Founding AI Engineer - Staff
Engineering
Full time
Bay area, CA
About the Role
The engineering problem: general-purpose LLMs aren't good enough for legal work in their default state. We're building expert-in-the-loop systems which capture lawyer feedback continuously, feed it into our knowledge base so that the right lawyer guidance can be provided to LLMs via an agentic RAG process. The process involves a robust evaluation process to ensure high quality. As a Staff AI Engineer, you'll own the core AI systems that solve this problem. You'll set the technical direction for how we build, evaluate, and ship AI that works alongside lawyers in production.
What You'll Do
- Build and maintain LLM-based agents that handle complex legal workflows with lawyer oversight at critical decision points
- Design expert-in-the-loop systems where attorney feedback continuously improves AI quality — the core differentiator of our product
- Build evaluation infrastructure including LLM-as-a-judge evals for continuous monitoring, internal tooling for collecting feedback, and frameworks for running eval sets efficiently
- Stay on top of the frontier — track latest LLM architectures and model updates, build a framework to evaluate potential enhancements to the product
- Work directly with lawyers and product to understand how AI should behave in legal contexts and translate that into engineering decisions
What We're Looking For
Required
- 5+ years of production backend engineering experience in Python — you write code that ships and scales, not just notebooks
- 1+ year building LLM-based agents in production - agents that call external APIs, manage state, and make decisions.
- Built evaluation systems for measuring prompt and agent performance pre and post deployment.
- Tech lead experience: you've owned architecture decisions, led development, handled deployment and monitoring
- AI-native workflow: you're already writing 90%+ of your code with tools like Claude Code, Cursor, or Codex
- In-person in SF: we build together in the office — this isn't a remote role
Nice to Have
- Experience building planning-based agents — systems that reason about goals, decompose tasks, and decide on actions autonomously
- Experience designing systems with expert/human feedback loops — where domain experts continuously improve AI output
Inhouse is the #1 AI lawyer for small to midsize businesses.

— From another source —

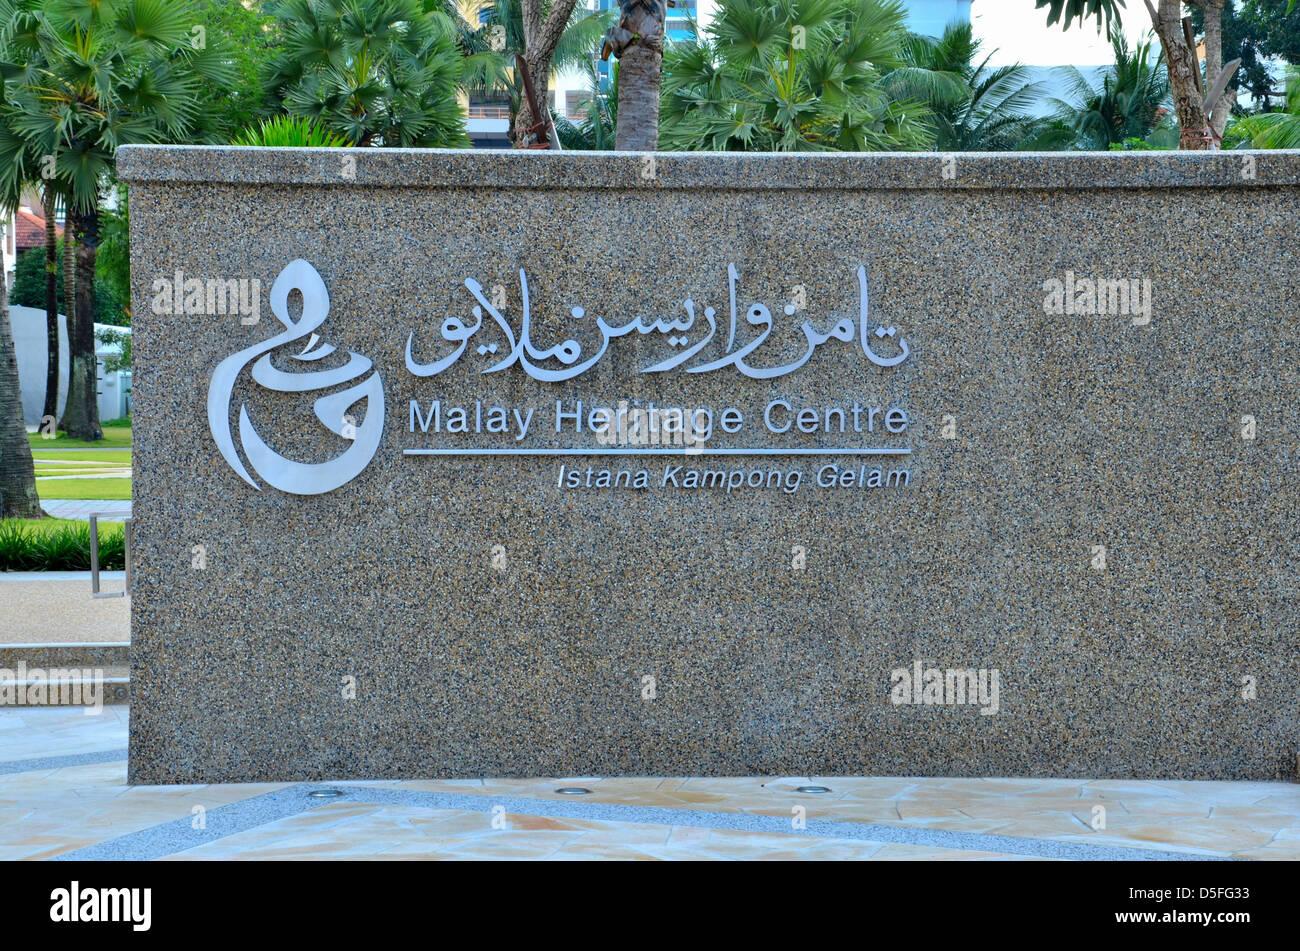 Malay Heritage Centre, Kampong Glam Singapore - Stock Image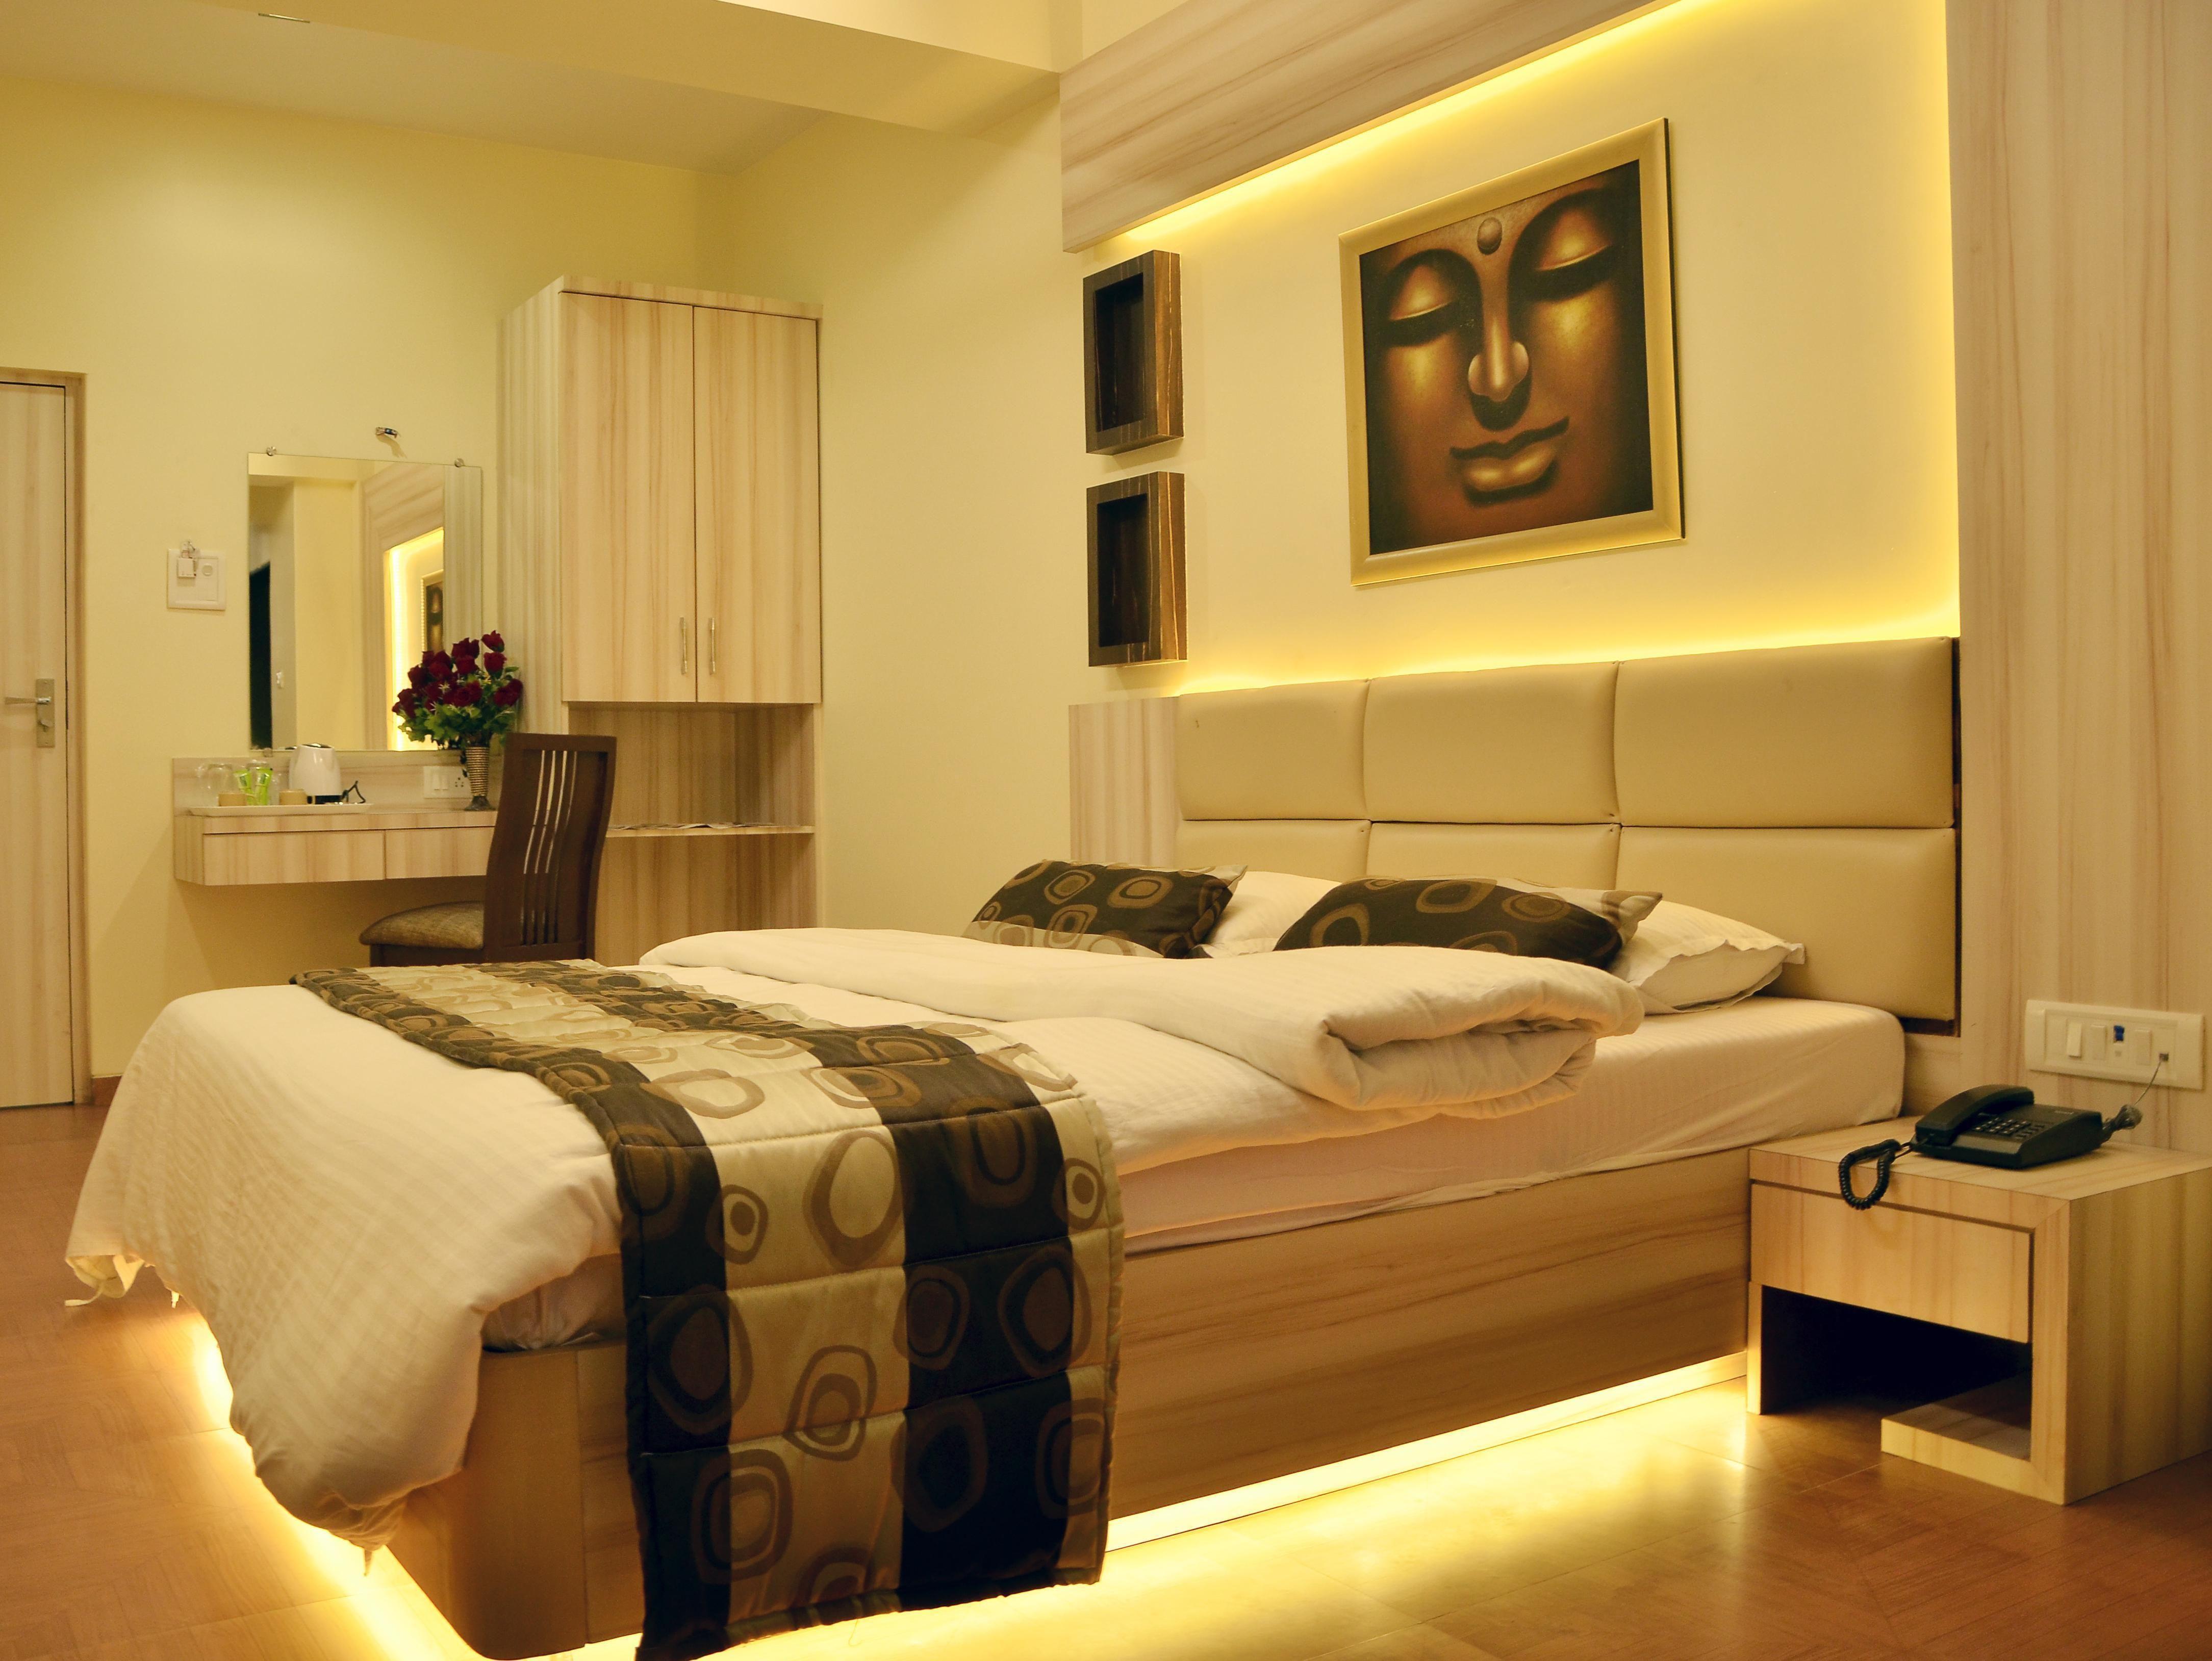 Hotel Prime Residency Mumbai Hotel Alka Residency India Asia Set In A Prime Location Of

We combine AI, lawyers from our own law firm, and an expert feedback loop to deliver fast, compliant, high-quality legal work at a fraction of the cost and turnaround time of traditional firms.
We're a small team, early stage, building in SF. You'll have real ownership over architecture and direction, ship to production fast, and work directly with attorneys who'll make you smarter about a domain most engineers never touch.